When you’re getting into the Christmas spirit, it’s a festive dampener to be told you can’t tuck into everything on the Christmas buffet. But it’s actually really important to follow the advice on food safety in pregnancy! The advice protects you and your unborn baby from picking up a nasty food-borne infection.
We worry about food safety for two very good reasons. The first is that it’s easier for pregnant women to develop severe food poisoning. The second is that some food-borne illnesses, like Listeria, can infect your unborn baby and lead to complications like pre-term labour or stillbirth.
The great news is there are still loads of delicious foods you can enjoy; and you also have the perfect excuse to turn down your Great Aunt’s notorious Christmas trifle. I’ve put together a quick guide to the foods you can enjoy and what to sidestep.
Firstly, a note on food preparation. While some foods definitely have to be avoided, a lot of the advice actually comes down to proper preparation and storage. Food poisoning is more likely when food isn’t fresh, isn’t washed, isn’t cooked to the right temperature, or is left out to cool. Always check use-by dates and follow the instructions for cooking and handling.
Pro tip if you’re the one cooking? Buy a food thermometer. They’re cheap and easy to find, you can Google the safe internal temperature of pretty much any protein, and it’s something you can actually use after pregnancy.
The nibbles platter
I can’t lie – sadly this is where a lot of the good stuff has to be avoided. Soft cheeses, blue cheese, pate, and processed meats such as salami are all out. So is pre-cut, pre-packaged fruit.
Crackers, nuts, crisps, freshly washed whole fruit and hard cheeses are all fine.
Seafood for Christmas lunch is an Australian tradition. For pregnancy, the general rule is nothing raw and nothing that’s precooked then eaten cold. This does unfortunately rule out oysters, sushi, sashimi and cold prawns. Some fish are also quite high in mercury – it’s best to steer clear of catfish, orange roughy/deep sea perch, shark/flake, swordfish and marlin.
Instead, fill up on fish that’s been well cooked and eat it while it’s hot off the grill.
Friends of ours have a Christmas brunch tradition of eating smoked salmon and brown bread with mimosas. If you’re pregnant, you’ll need to skip the smoked salmon. Swap it out for fresh avocado or sliced banana and honey, and top up your OJ with soda water instead of champagne.
The main event
This is the year to insist on the traditional hot Christmas dinner, even though it’s 40 degrees outside. We really don’t want pregnant women eating cold meats. Instead, fire up the barbecue or do the full roast. Turkey, chicken, beef & pork are all fine as long as they’ve been cooked to the right temperature and you eat them while hot.
A word of warning on stuffing – cooking it inside the bird isn’t safe. Instead, cook it separately in a baking dish.

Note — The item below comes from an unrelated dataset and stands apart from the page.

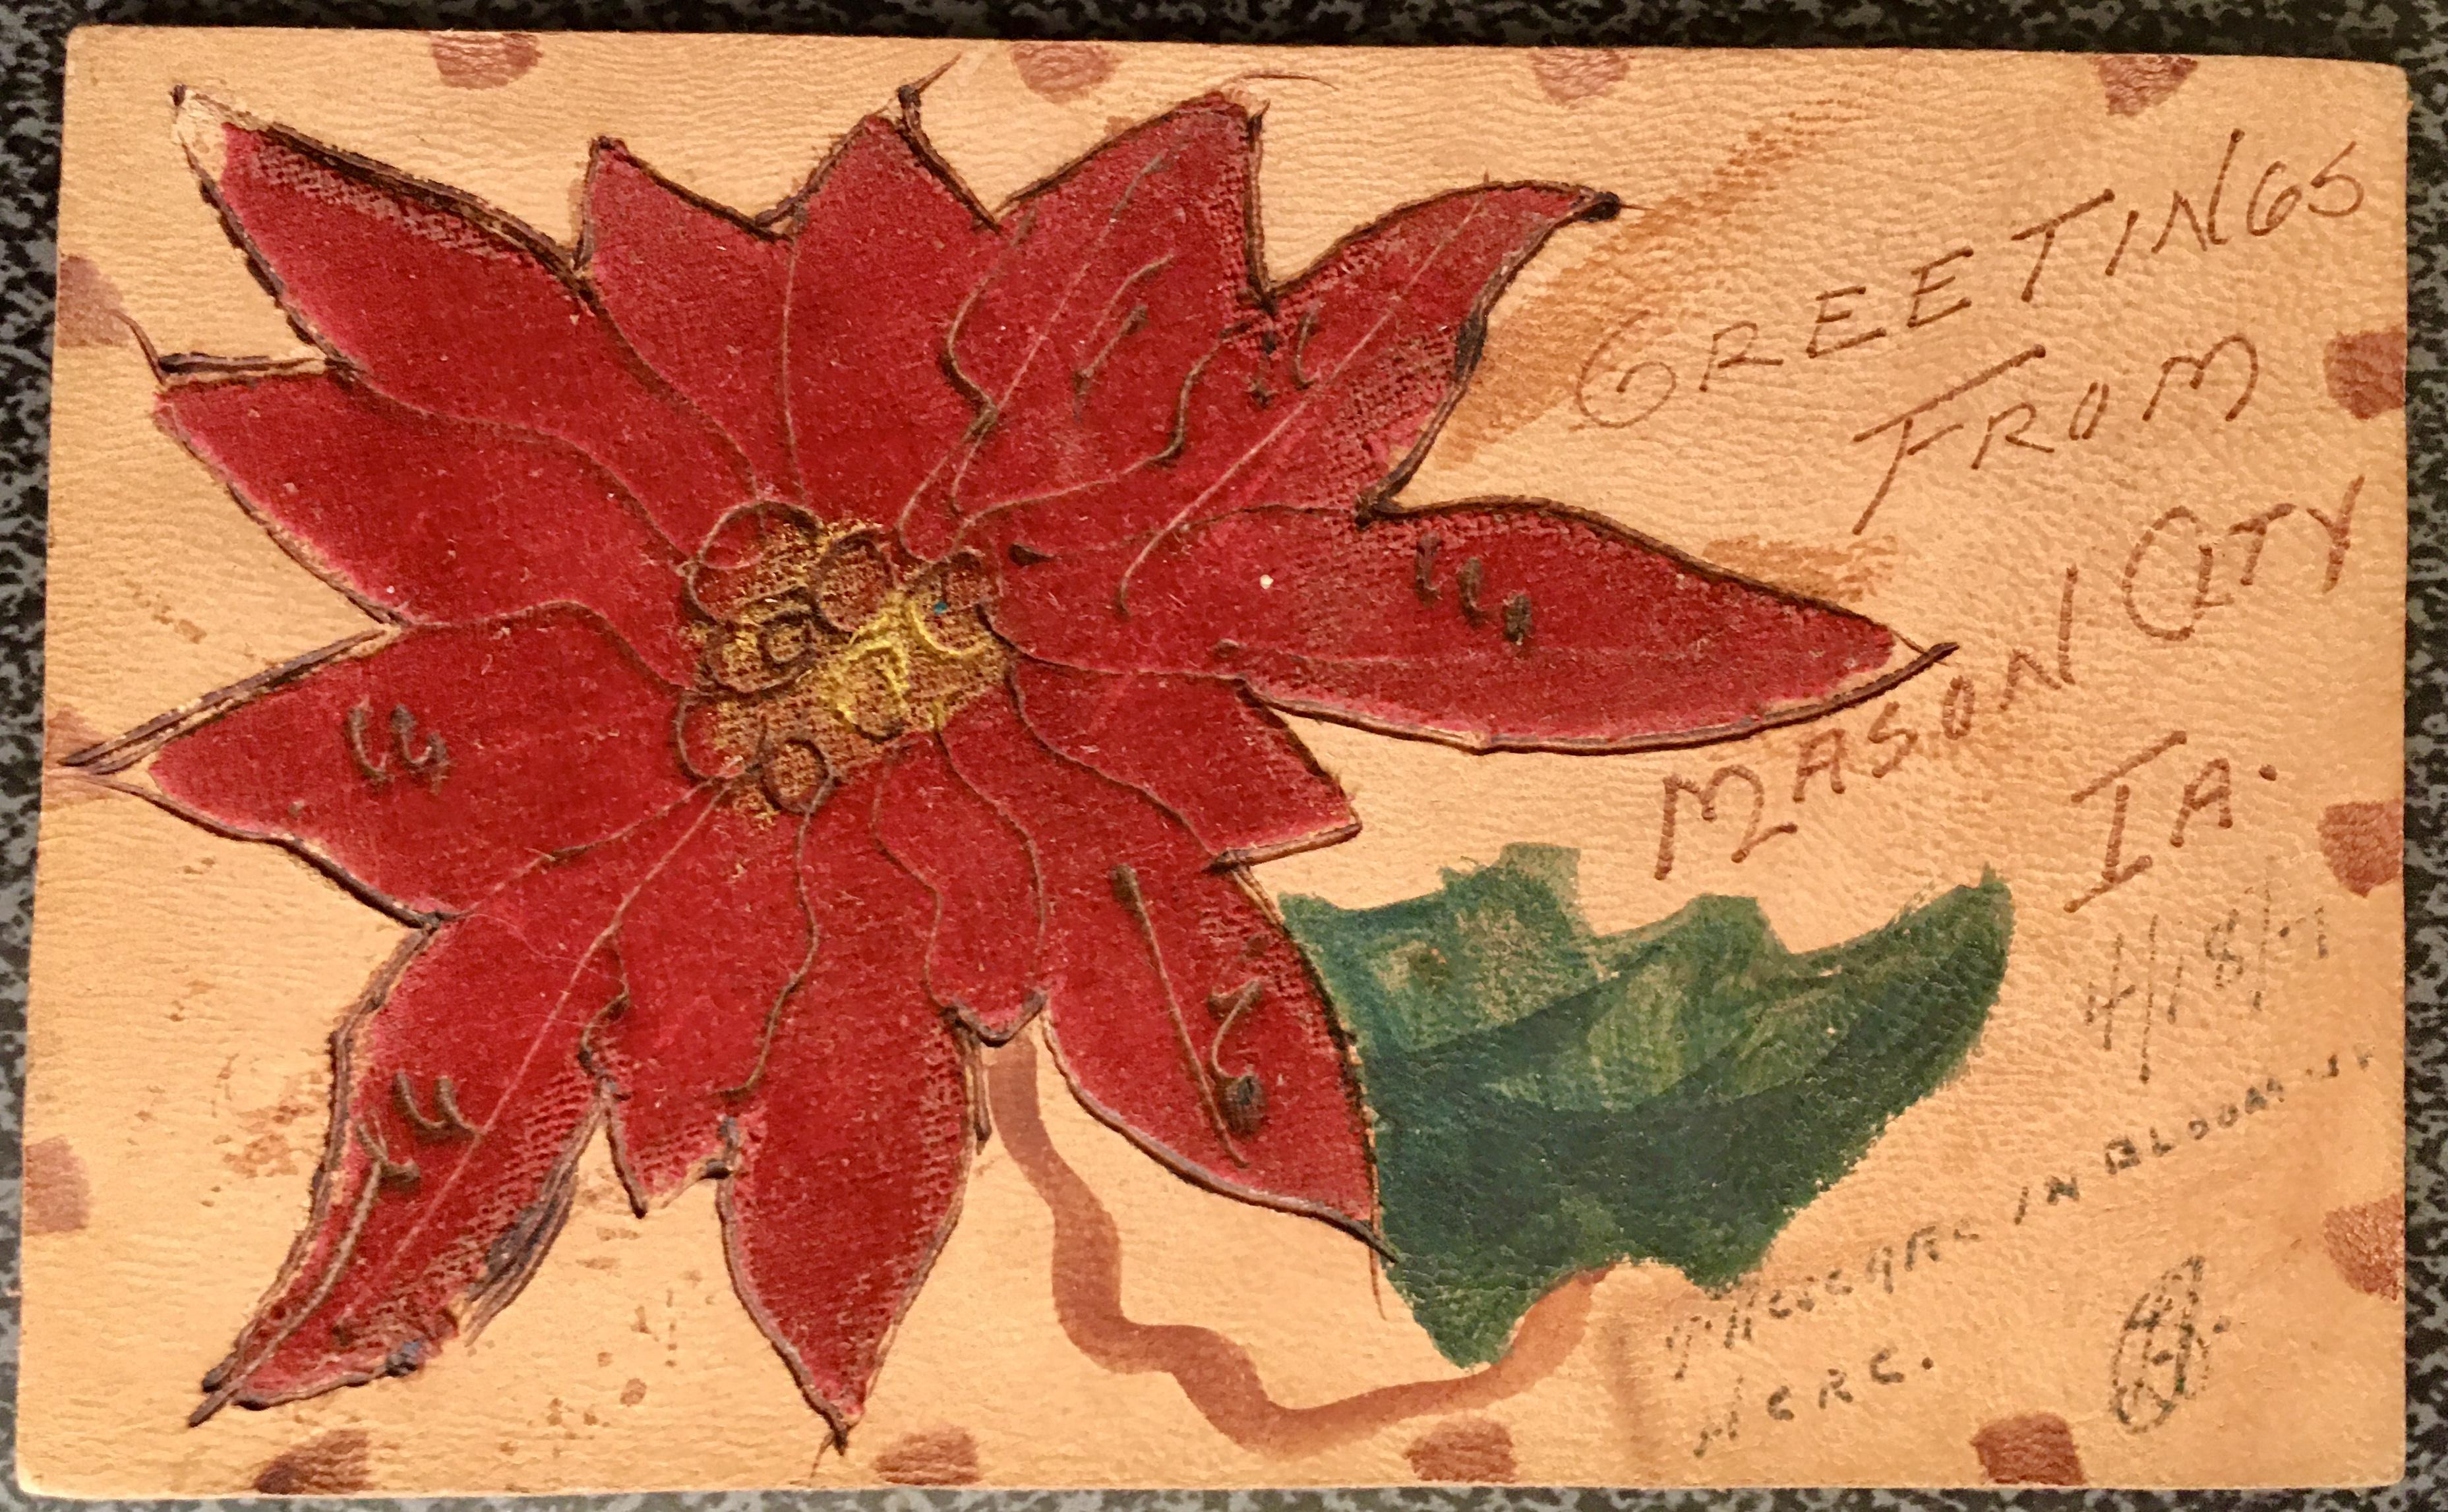 1907-mc-leathera

If you’re eating salads on the side, make sure they are freshly prepared. Avoid any kind of pre-made, pre-packaged salad. The vegies and salad greens should all be thoroughly washed right before chopping.
Hot vegetable side dishes are great. Except for Brussel sprouts. No-one should be forced to eat Brussel sprouts.
A note on eggs
If your host is a kitchen whiz, chances are they have proudly whipped up homemade everything, including dressings, sauces, and desserts. The problem is that many of these homemade products contain raw eggs, which might carry salmonella. Homemade mayonnaise, aioli, uncooked meringue and ice cream are classic culprits.
Check with the chef and steer clear of any raw-egg containing products. This is one time where store-bought is probably better. Commercial versions that come from the shelf, rather than the refrigerated aisle, have been treated to avoid salmonella.
You know to avoid homemade icecream and uncooked meringue. It’s probably also best to avoid homemade custard if you don’t know how it was cooked. Swap for the store-bought versions and store them according to the instructions.
Don’t ever touch unpasteurized dairy products – they are one of the primary sources of Listeria. The good news is most dairy products in Australia are pasteurized – these are safe to eat. You also can’t go wrong with freshly washed and prepared fruit.
Finally, watch out for desserts unexpectedly soaked in alcohol.
Boxing Day leftovers
Come Boxing Day, all you want is to lie on the lounge watching cricket and eating leftovers. Sadly, there are pretty strict rules about leftovers for pregnant women. There’s too much to summarise here – instead Google the NSW Food Authority’s guidelines.